Records for the task:
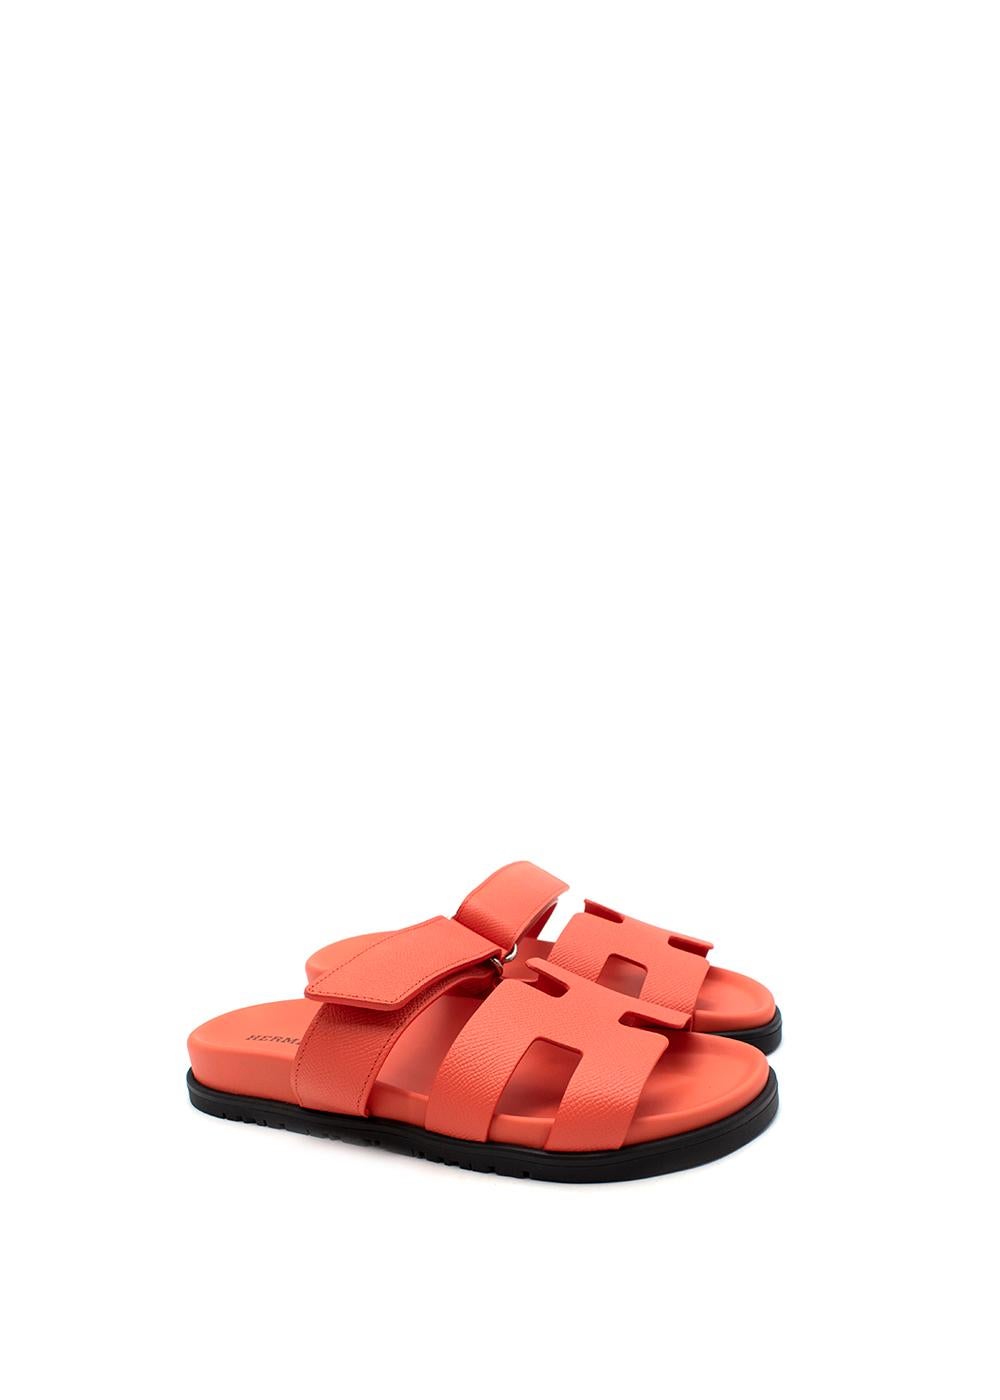 Hermes Coral Calfskin Chypre Sandal

-Calfskin leather
-Black rubber sole
-Natural calfskin insole
-Natural goatskin lining
-Unworn, excellent condition with original box and dustbag

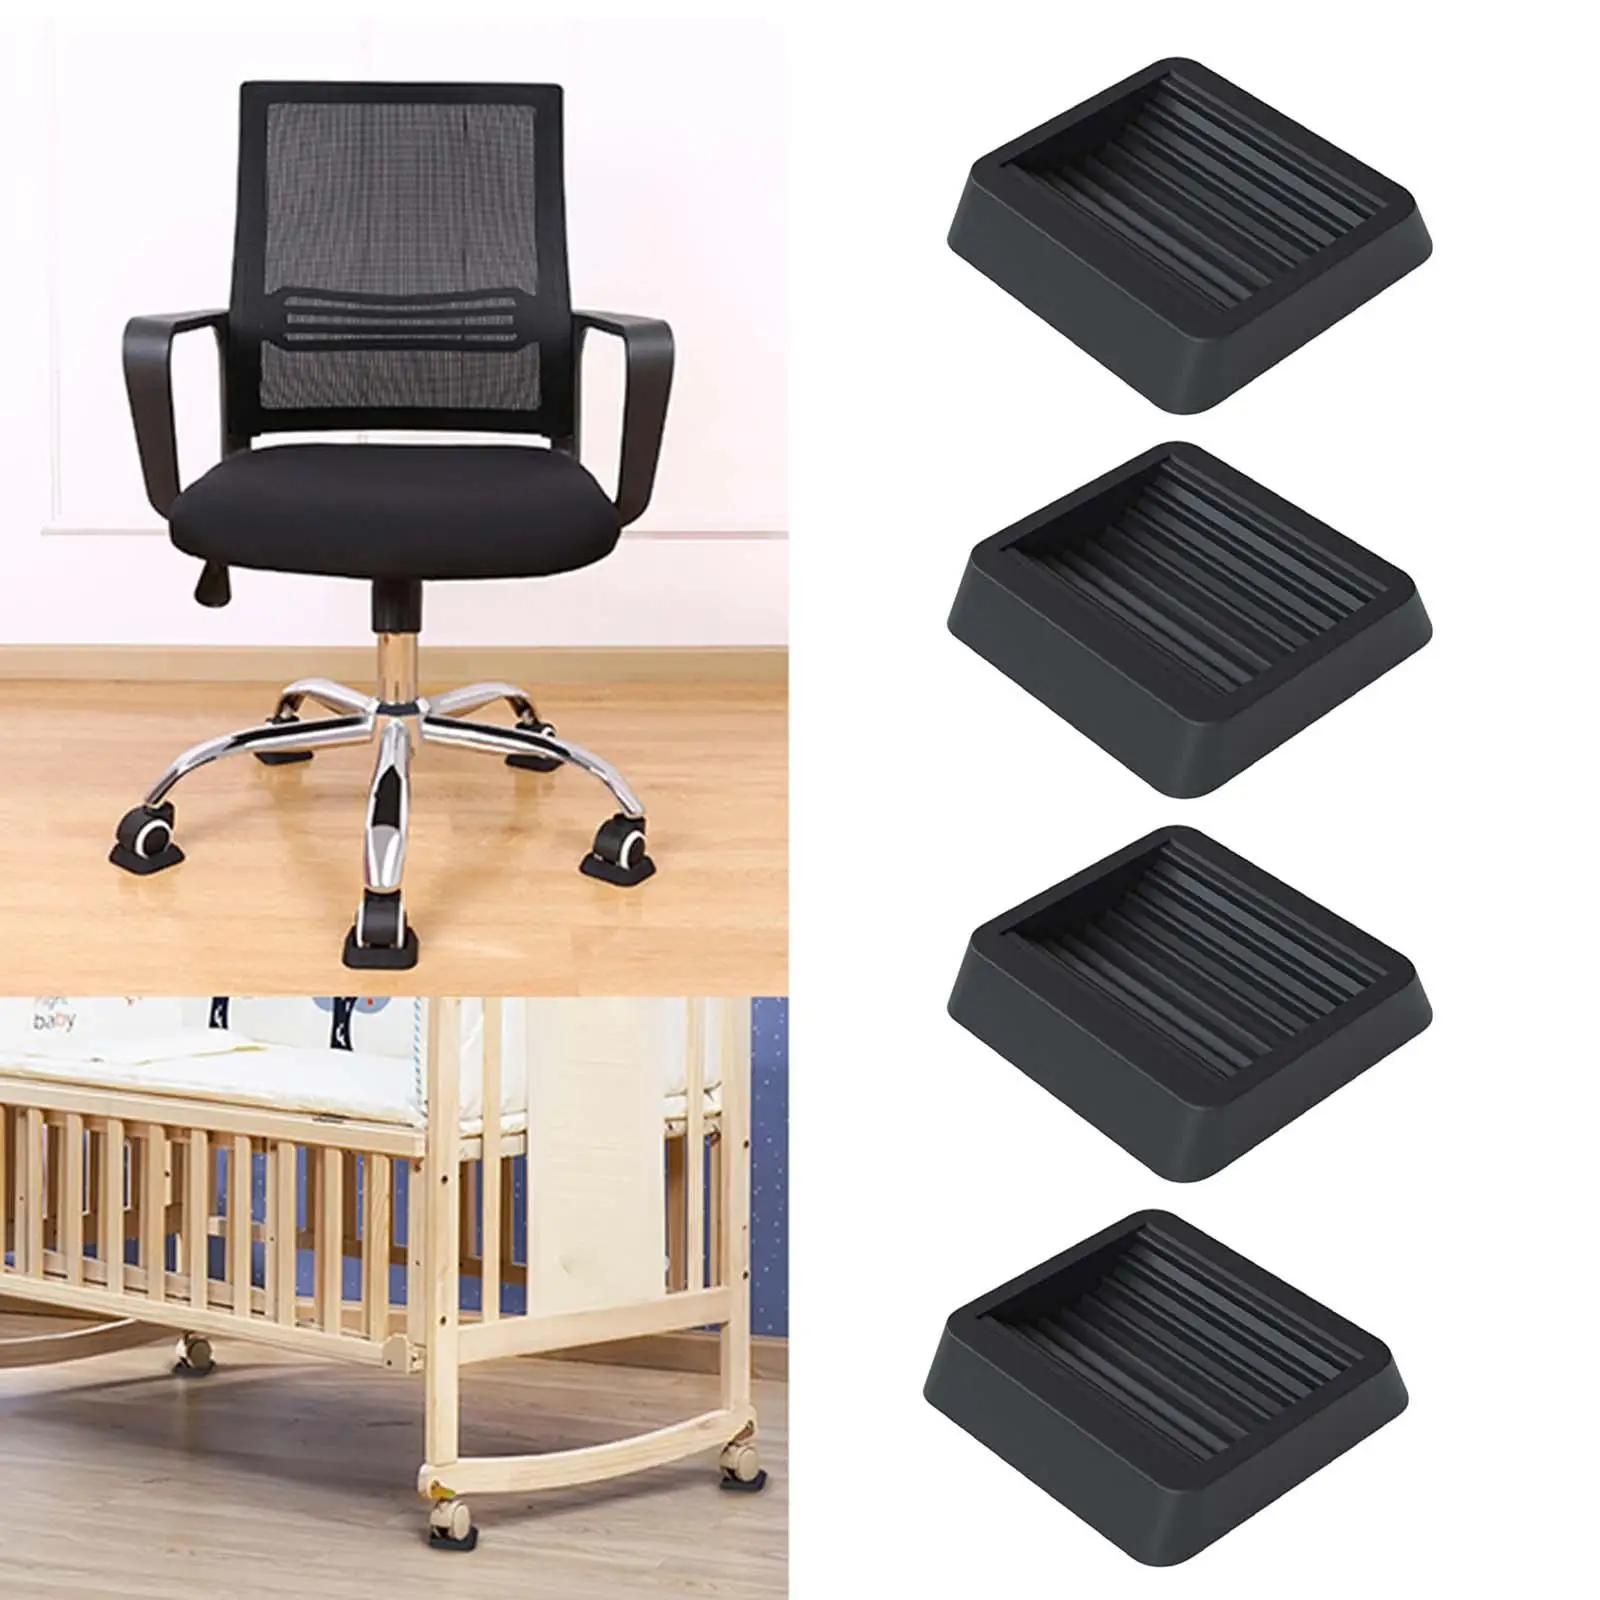 4Pcs Caster Cups Easy Use Chair Leg Floor Protectors Protector Pads Bed Frame Wheel Stoppers Hardwood Floor Protectors for Chair

Exercise:
The lines to reproduce run from the line containing "-Calfskin leather" through the last line of the records above, both included. Copy them exactly and drop the pictures.

Answer box:
-Calfskin leather
-Black rubber sole
-Natural calfskin insole
-Natural goatskin lining
-Unworn, excellent condition with original box and dustbag

 4Pcs Caster Cups Easy Use Chair Leg Floor Protectors Protector Pads Bed Frame Wheel Stoppers Hardwood Floor Protectors for Chair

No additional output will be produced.